Dimer phosphoramidites offer a unique advantage in oligo synthesis, particularly for RNA oligonucleotides. Here's how they are applied:

Faster and More Efficient Synthesis:  Regular oligonucleotide synthesis involves coupling individual nucleotide phosphoramidites one by one to build the desired sequence. Dimer phosphoramidites, as the name suggests, contain two pre-linked nucleotides.

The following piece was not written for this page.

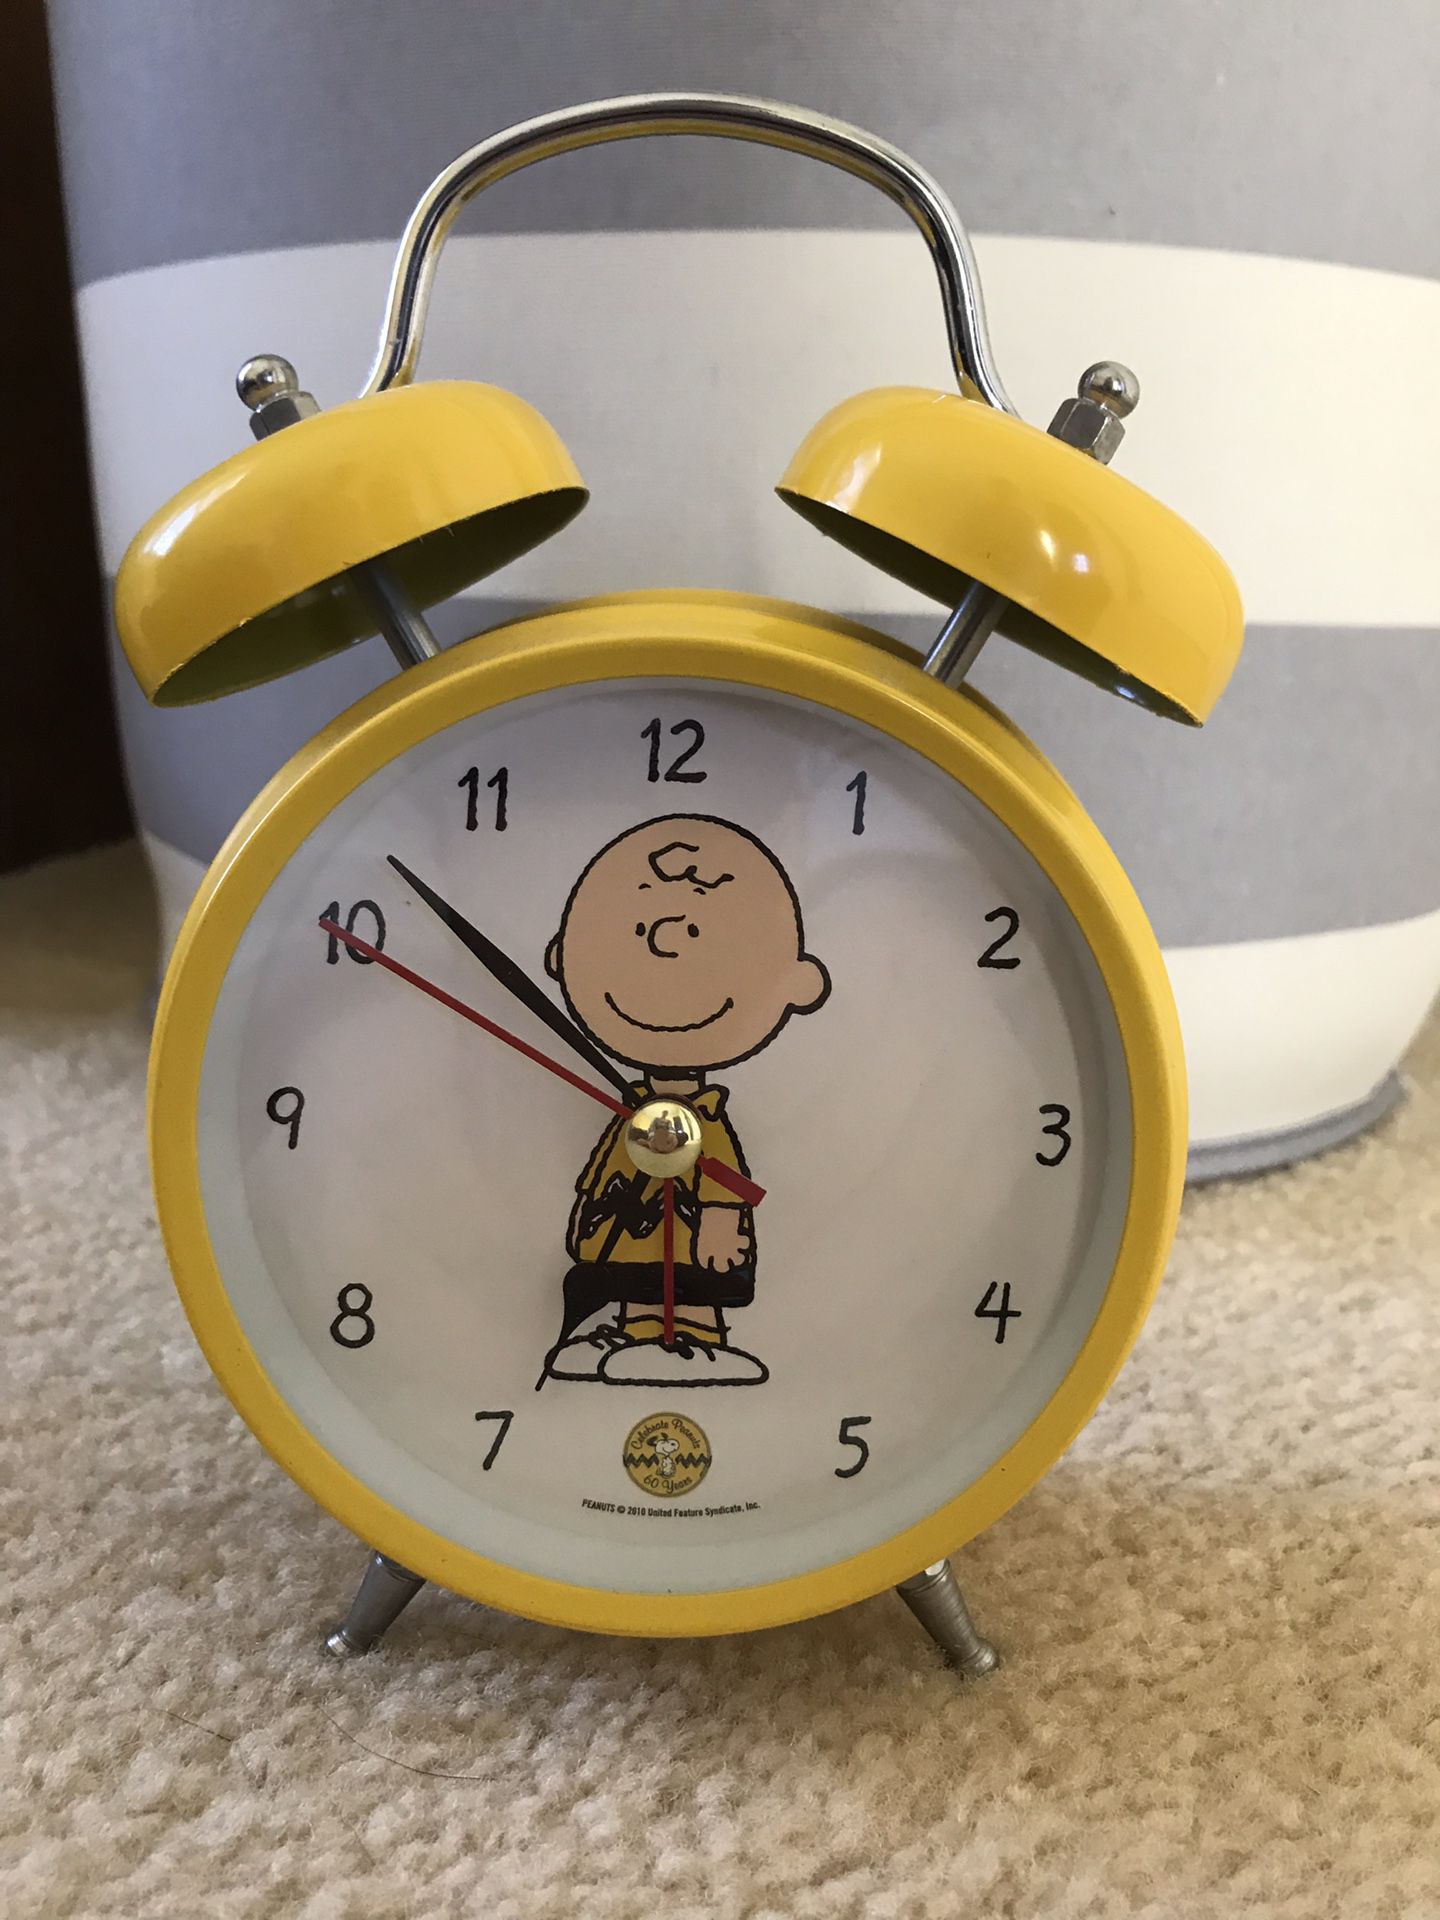 Working Peanuts Alarm Clock

Incorporating these dimers into the synthesis process reduces the number of coupling steps required, significantly speeding up the process.

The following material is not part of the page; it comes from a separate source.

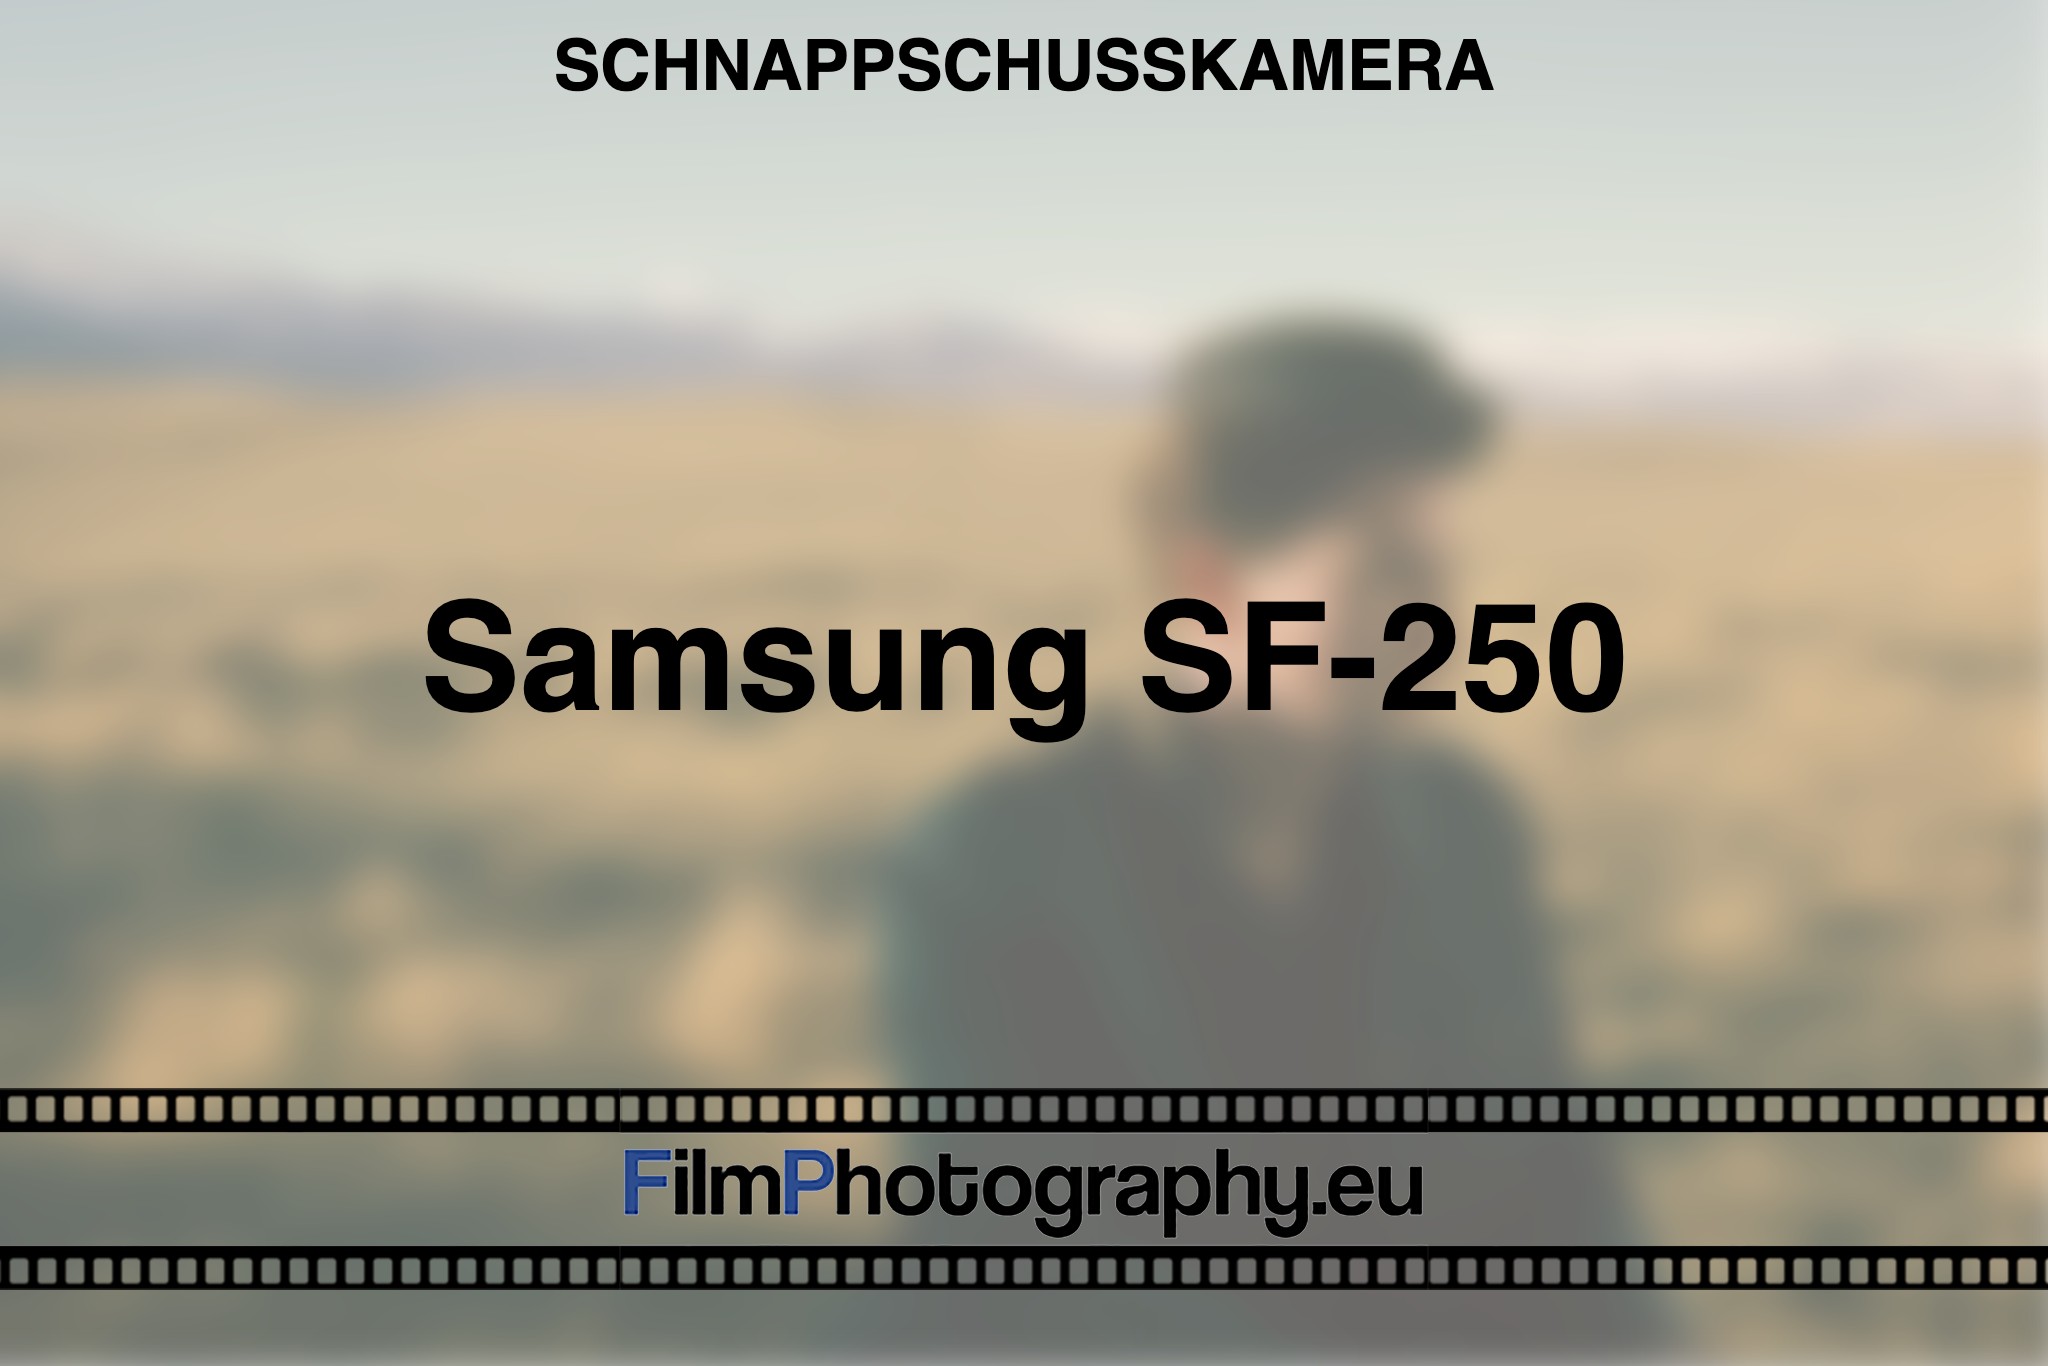 samsung-sf-250-schnappschusskamera-bnv

Improved Purity and Yield: Especially for RNA oligonucleotides, traditional single nucleotide coupling can lead to lower purities and yields due to the presence of a 2'- hydroxyl group. Dimer phosphoramidites can help address this challenge. By incorporating pre-linked dinucleotide units, the chance of side reactions and errors during each coupling step is reduced, potentially resulting in higher purity and yield of the final RNA product.

Applications in siRNA Synthesis: Short interfering RNA (siRNA) molecules are a type of RNA used to silence specific genes. Dimer phosphoramidites have proven valuable in synthesizing siRNA. By incorporating pre-formed dinucleotide blocks, researchers can achieve better control over the final structure and improve the purity of siRNA molecules.

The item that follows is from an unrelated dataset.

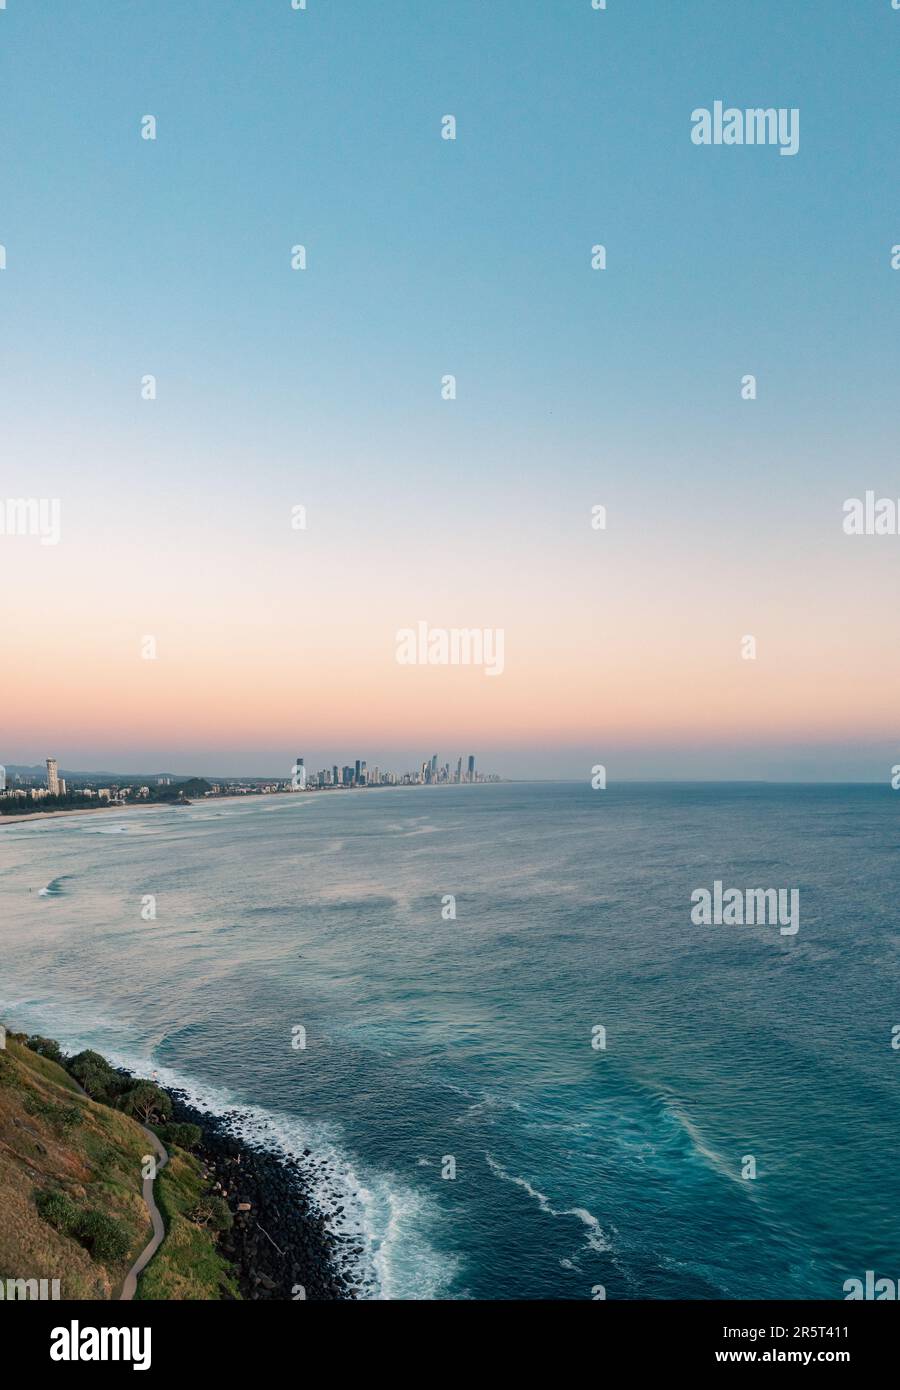 Ein Luftblick auf die geschäftige Skyline der Stadt mit Blick auf die Küste, mit üppigen grünen Hügeln, die hinunter zum glitzernden blauen Ozean führen Stockfoto

Trimer phosphoramidites are powerful tools in oligonucleotide synthesis, particularly for applications involving mutagenesis, which is the process of introducing specific changes to a DNA sequence. Here's how they come into play:

Regular Oligo Synthesis vs. Trimer Phosphoramidites:

Typically, oligos are built one nucleotide (single building block) at a time. This can lead to issues like:

Codon Bias: Not all codons (triplets of nucleotides specifying an amino acid) are created equal. Traditional synthesis might favor incorporating certain nucleotides more frequently, skewing the final protein product.

Frame-Shift Mutations: Errors during synthesis can insert or delete extra nucleotides, causing the entire reading frame of the translated protein to shift.

Stop Codons: Mistakes can introduce stop codons prematurely, leading to truncated, non-functional proteins.

Trimer phosphoramidites are pre-assembled units containing three linked nucleotides, essentially representing a codon. Their use offers several advantages:

Codon-Based Mutagenesis: By incorporating pre-defined codons, trimer phosphoramidites ensure the desired amino acid is incorporated, reducing codon bias and improving accuracy.

Reduced Frame-Shift Errors: Since three nucleotides are added as a single unit, the chance of insertion/deletion errors is minimized, leading to higher fidelity sequences.

Minimizes Stop Codons: The pre-defined nature of trimers reduces the risk of accidentally incorporating stop codons during synthesis.

Overall, trimer phosphoramidites offer a more precise and controlled approach to oligo synthesis, particularly for generating libraries of mutated genes for protein engineering or functional studies.